# mortar on shingles



## bountyhunter (Feb 9, 2005)

Just after finishing the chimney chase with cultured stone, a storm blew in and the hail and rain knocked off several stones and LOTS of mortar onto the new heritage shingles. Is there anything out there to remove this mortar or will we have to replace all the shingles which were under the chase?


----------



## AaronB. (Oct 6, 2004)

Methinks I would try a LIGHT pressure wash then a LIGHT acid bath and rinse. The acis will neutralize the corrosive effects of the caustic mortar. Remember...LIGHT...like a diluted muriatic.


----------



## Grumpy (Oct 8, 2003)

Not sure about the acid, but if the mortar was mostly dry it should come off with a light pressure wash.

Aaron don't you think the acid would cause harm to the shingles?


----------



## bountyhunter (Feb 9, 2005)

I may try a light pressure wash. I did try dish soap and TSP with scrub brush and water. It helped some, but since the shingles were only 1 month old and green, you can really tell it is still on them.


----------



## Grumpy (Oct 8, 2003)

Can you tell from the roof or from the ground? 

It might be cheaper and less time consuming for you to pay $150 to the roofer who put the roof on to replace the few shingles surrounding the roof and chalking it up to experience.


----------



## AaronB. (Oct 6, 2004)

A diluted and rinsed acid bath will react with the caustic mortar and neutralize both. A good rinse will rid the surface of either. Aphalt is inert. So are the cerammic granules. I would worry more about pressure washer damage.


----------



## bountyhunter (Feb 9, 2005)

You can see it pretty good as soon as you walk out onto the deck. It would be probably a square or two to replace them. This is my own house this time and I did the roof myself. Probably don't have much to loose by acid bathing them and if it does not work, go to the tear off and reshingle. It would have to be on the 12/12 part of the house too!!! Any good suggestions on a specific acid?


----------



## Grumpy (Oct 8, 2003)

I dunno I'd still be scared of introducing the acid to the asphalt. You say it's inert but I gotta think it'd do some kind of damage.
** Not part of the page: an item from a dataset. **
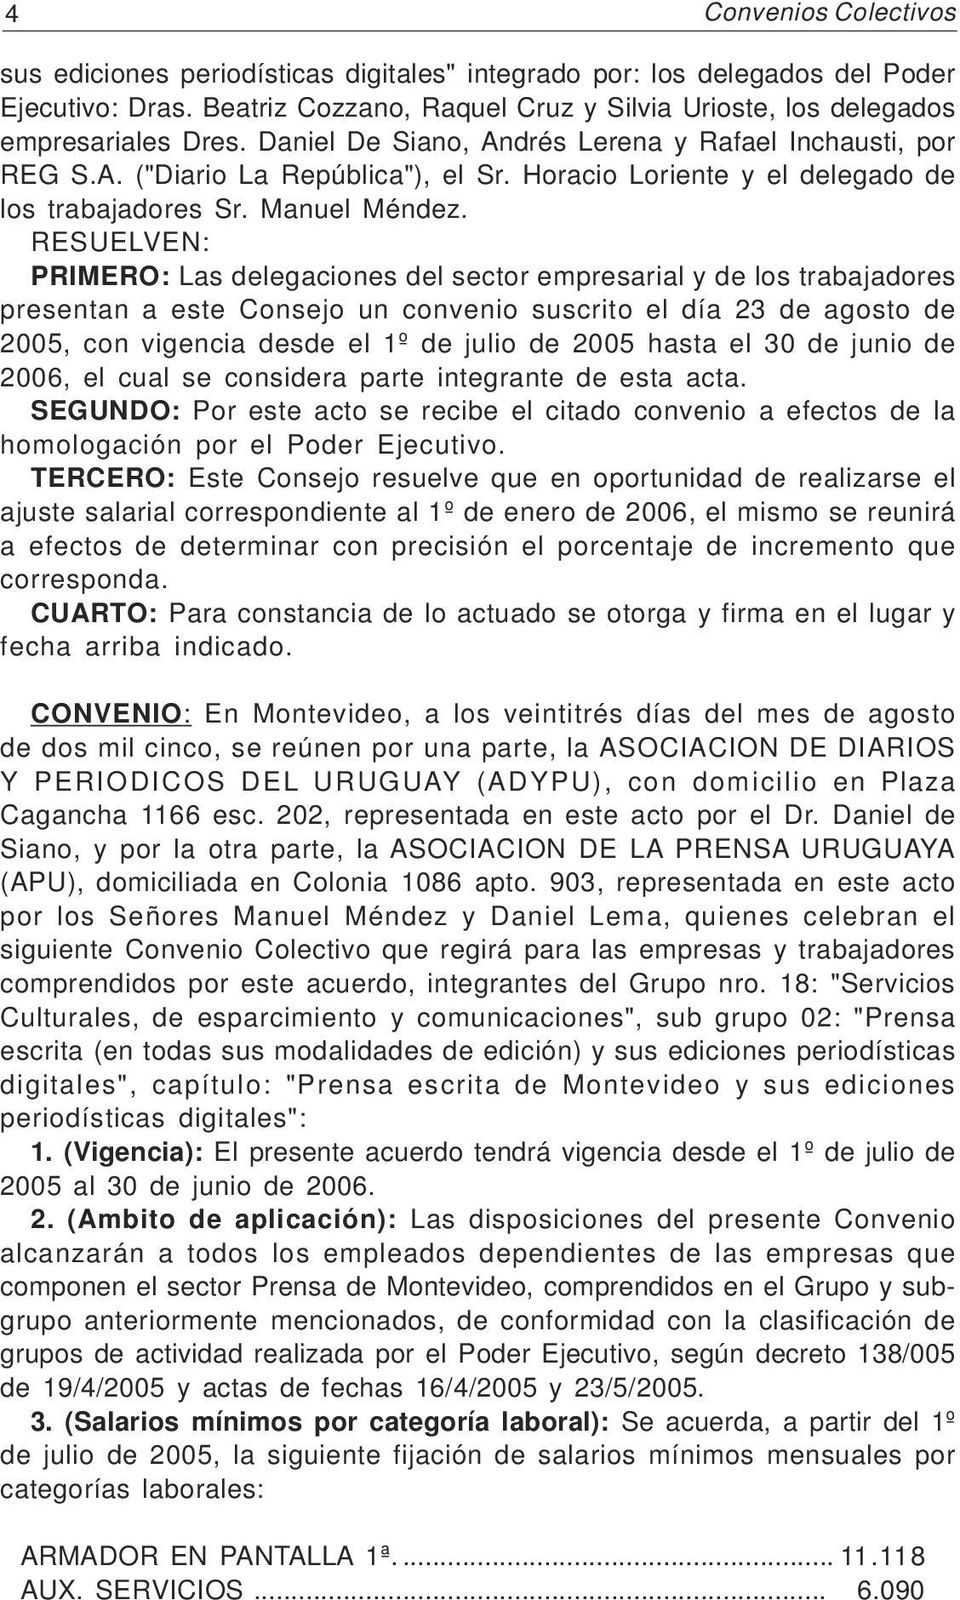 RESUELVEN: PRIMERO: Las delegaciones del sector empresarial y de los trabajadores presentan a este Consejo un convenio suscrito el día 23 de agosto de 2005, con vigencia desde el 1º de julio de 2005

I know the granuals are fine from the acid being that theya re ceramic and ceramics are used in laboratory items daily... I'd just repalce the shingles now since I have the feeling that's what's going to end up happening anyways.


----------



## Tom R (Jun 1, 2004)

How about just 'mortaring' the rest of the roof!! :cheesygri


----------



## Teetorbilt (Feb 12, 2004)

Given the info, asphalt shingles, ceramic granules, acid should be fine. Muriatic (sulphuric) acid is perfect for dissolving the lime (basis of the stucco). I would use a 3-1 mix to start (the same for cleaning pool decks). Don't take your time, acids and bases tend to neutralize on contact as they react. Have a water hose on the job and use frequently, neutralized acid will have no affect on plants beneath, undiluted will. Dilute it as much as possible.


----------



## reveivl (May 29, 2005)

"Muriatic (sulphuric) acid is perfect for dissolving the lime"
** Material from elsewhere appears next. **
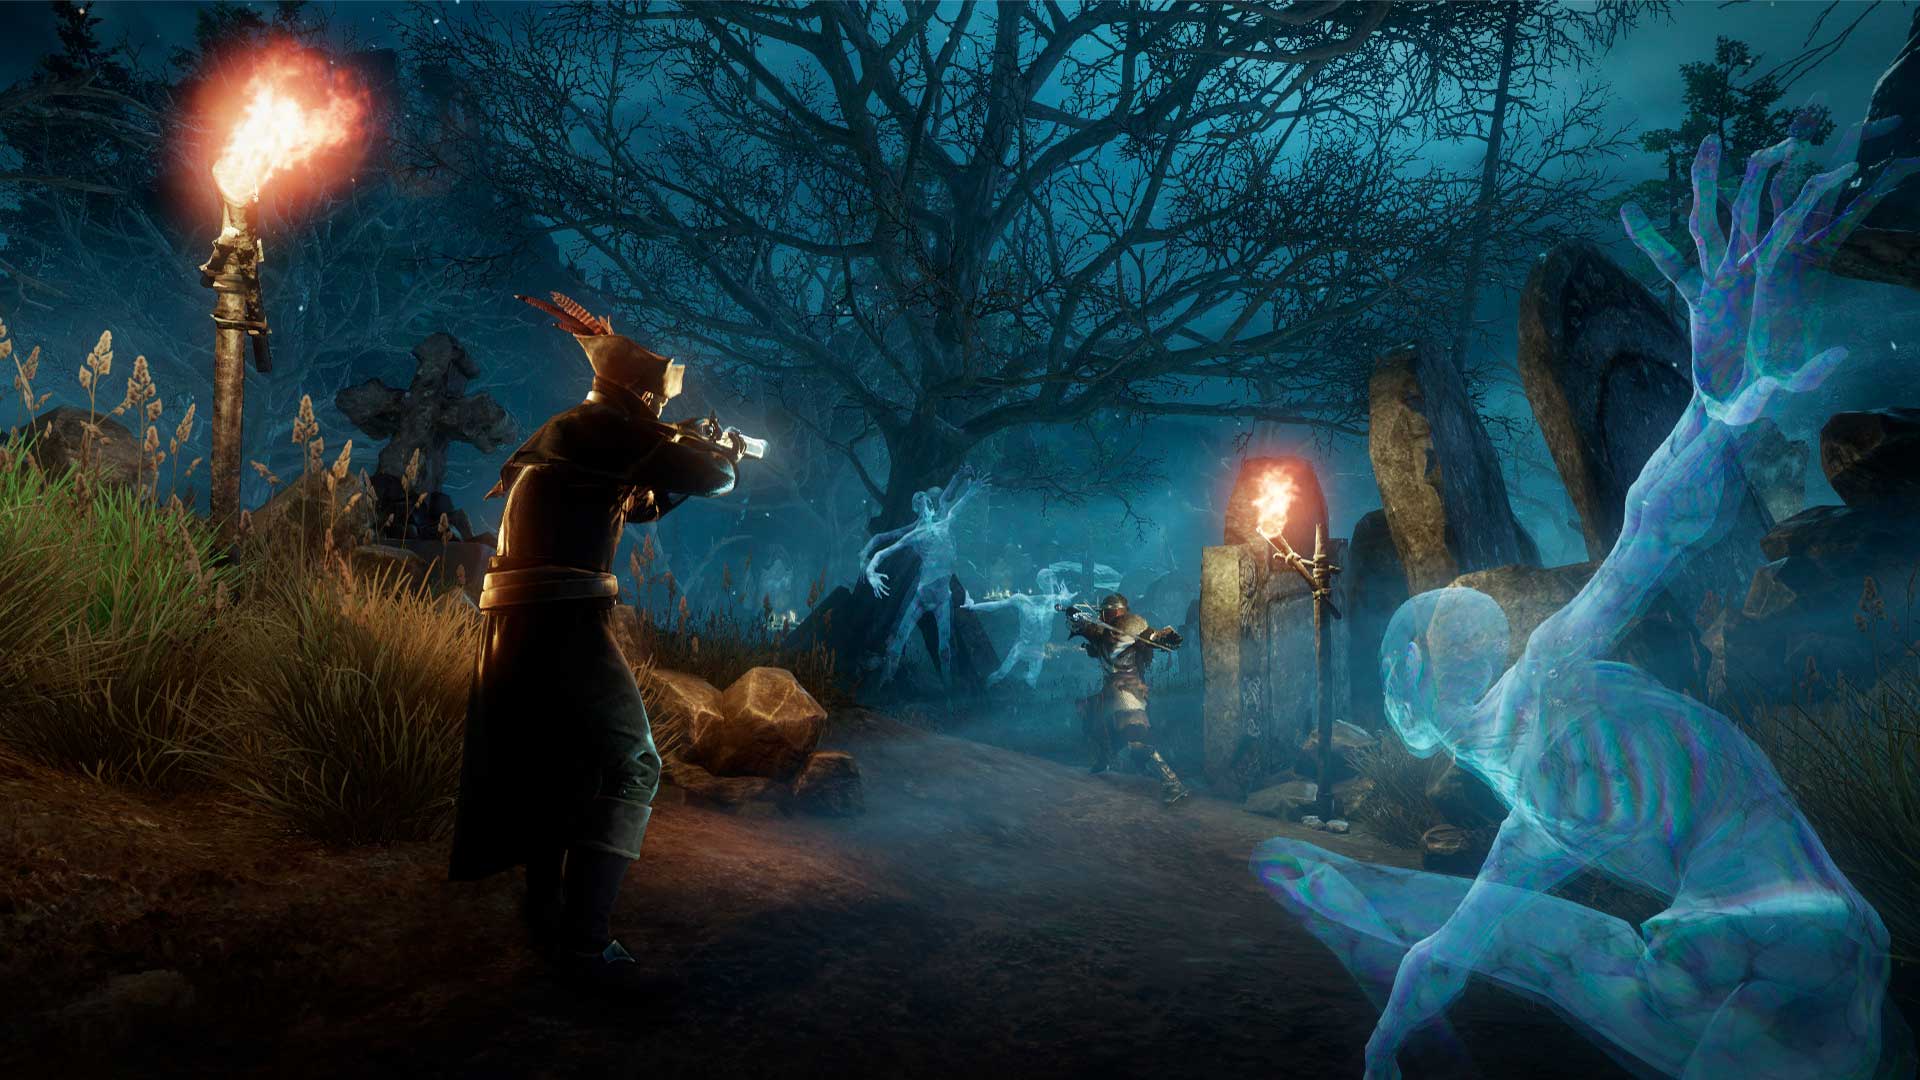 Изображение на играчи в Новия свят, стрелящи с мускети в гробище

Muriatic acid is Hydrochloric, not sulphuric. Rich.


----------



## Teetorbilt (Feb 12, 2004)

I stand corrected. Rich is right.
Neither should attack asphalt, old battery cases were made of the stuff.
Muriatic Is the stuff to use as in the previous post.


----------



## bountyhunter (Feb 9, 2005)

Teetorbilt said:


> I stand corrected. Rich is right.
> Neither should attack asphalt, old battery cases were made of the stuff.
> Muriatic Is the stuff to use as in the previous post.



Great, now the tricky part. Will this Muriatic acid hurt the aluminum gutters and the log siding and stain which it will get onto also? It will also end up on the treated deck, but there is no seasler on it yet, so I assume it will be ok?


----------



## Grumpy (Oct 8, 2003)

Acid? Boo Hiss. 

Replace the damaged shingles. I _still_ think you are asking for trouble playing with the acid, regardless of the above posts... and rest assured I will be the jerk who says "I told you so." when you tell us the acid caused more harm than good.


----------



## minnesotaroofin (Nov 26, 2004)

Why not just wait 6-8 months for the stain to dissapear. Maybee not even that long. we cut reglet into alot of stucco walls and chimneys we normally cover shingles but sometimes things don't go real well and the dust then gets on the shingles gets wet and stains roof. normally 1-2 months go by and stain weathers out. I have also seen chimney builders leave stains and they normally weater out as well.


----------



## bountyhunter (Feb 9, 2005)

I am definately going to wait a couple of months until it cools down a bit to even try to reshingle, if necessary. Of course since the rain and hail which caused this problem it has not rained since then, almost a month ago.


----------



## Teetorbilt (Feb 12, 2004)

minnesota may have the best answer. Unless you really goobed the job, sun and rain should take care of it. How many people check out a roof anyway? They are generally trying not to get hit while looking for house numbers.


----------



## jerome8283 (May 21, 2006)

I know this was posted some time ago however I was wondering what the outcome was. I did a chimney job the other day and my costumer called me complaining of dried mortar on their asphalt shingles. Would the weather really take care of this after a couple of months?


----------



## stacker (Jan 31, 2006)

*acid and shingles*

the diluted muratic acid wont damage the shingles,if the shingles are wet down before the acid is applied.over the years i have never damaged shingles while acidizing chimmenys.
this should be the same procedure you would use while washing down a wall.also anytime there is concrete below where you are washing.


----------



## RooferJim (Mar 6, 2006)

I think its crazy to put any kind of acid on a composition shingle. it will dry it out and make it curl.
just flat bar it out and put some new ones in.

RooferJim
www.jbennetteroofing.com


----------



## 83brown (May 24, 2006)

would you hire a crew just to come in and tear shingles off, and if so what would you charge, thaks for you opinion


----------



## RooferJim (Mar 6, 2006)

65 dollars a man hour plus materials.


RooferJim


----------



## Grumpy (Oct 8, 2003)

83brown said:


> would you hire a crew just to come in and tear shingles off, and if so what would you charge, thaks for you opinion


Do what you do best. If I were to damage a chimney, I would call a mason to fix it, because they are going to do a better job than I can and faster.


----------



## Grumpy (Oct 8, 2003)

RooferJim said:


> 65 dollars a man hour plus materials.
> 
> 
> RooferJim


I actually charge $75 but what's the matter... I know guys who charge $40. How they do it, I don't want to know.


----------